Phair admits she didn’t initially want to write about these moments. “I’m in a different place in my life, I’ve worked out my life in such a way that as a mature woman I don’t feel unsafe a lot of the time,” she explains in an interview with the Associated Press. “But I had to go back and think about all the traumatic things that had happened to me. And it made me angry and it made me embarrassed and it made me ashamed. And I didn’t want to deal with that. But isn’t that probably like a lot of women? And so, I tried to do it.
“There are things that I have either not told anyone about, or tried to compartmentalize and put on a shelf,” she continues. Once I started opening up all the boxes of memories, I really just wanted to throw them out of the closet on the floor, like, ‘And this one, and this one, and this one.’”

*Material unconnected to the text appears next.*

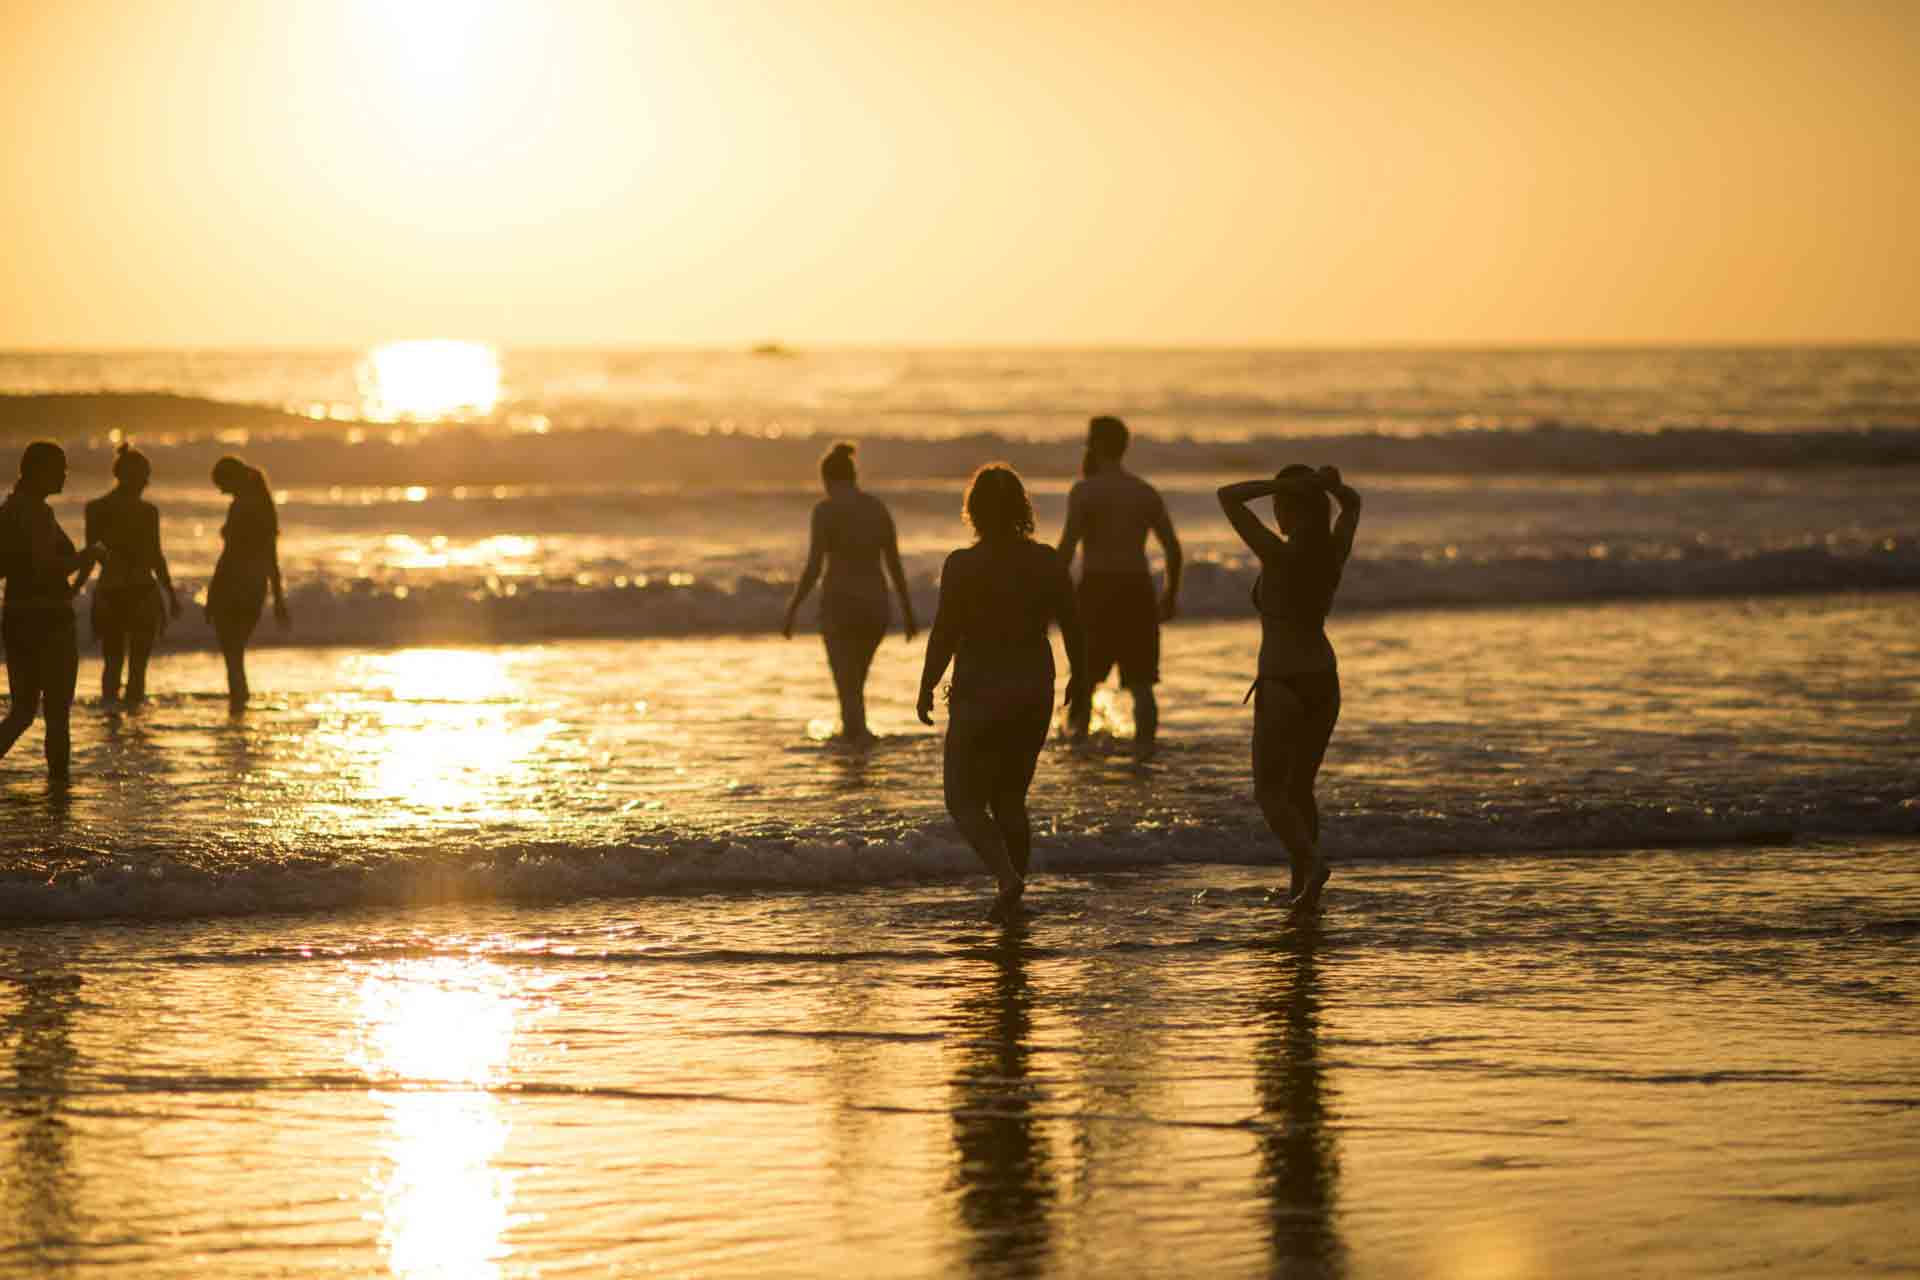 7 personnes sur une plage au coucher de soleil. le soleil est reflété sur l'eau donnant une image à couper le souffle.

Phair acknowledges she is not alone in this mindset, suggesting that many ambitious women kept silent in order to keep working in male-dominated fields. “We never told how bad it was. We wanted to work in the male work world. We wanted to participate in society. And I think the price of that, at the time, was not being too disruptive.”
The singer believes this is an issue that still is requiring broad attention. “Everybody’s got their #MeToo fingerprint. I don’t think there is a woman in America who hasn’t experienced it,” she relates.
“It’s an overwhelming problem and I think when people say this ‘#MeToo thing’ has gone out of control—I don’t think so. I think this needs to be systemically dealt with.
“It is a big wave, but because of how heartbreaking and unfair and unjust the circumstances are for many people…the wave needs to break over everyone.”
In addition to her book, Phair has also released her first new song since 2014, “Good Side,” on which she reunited with Exile in Guyville producer Brad Wood.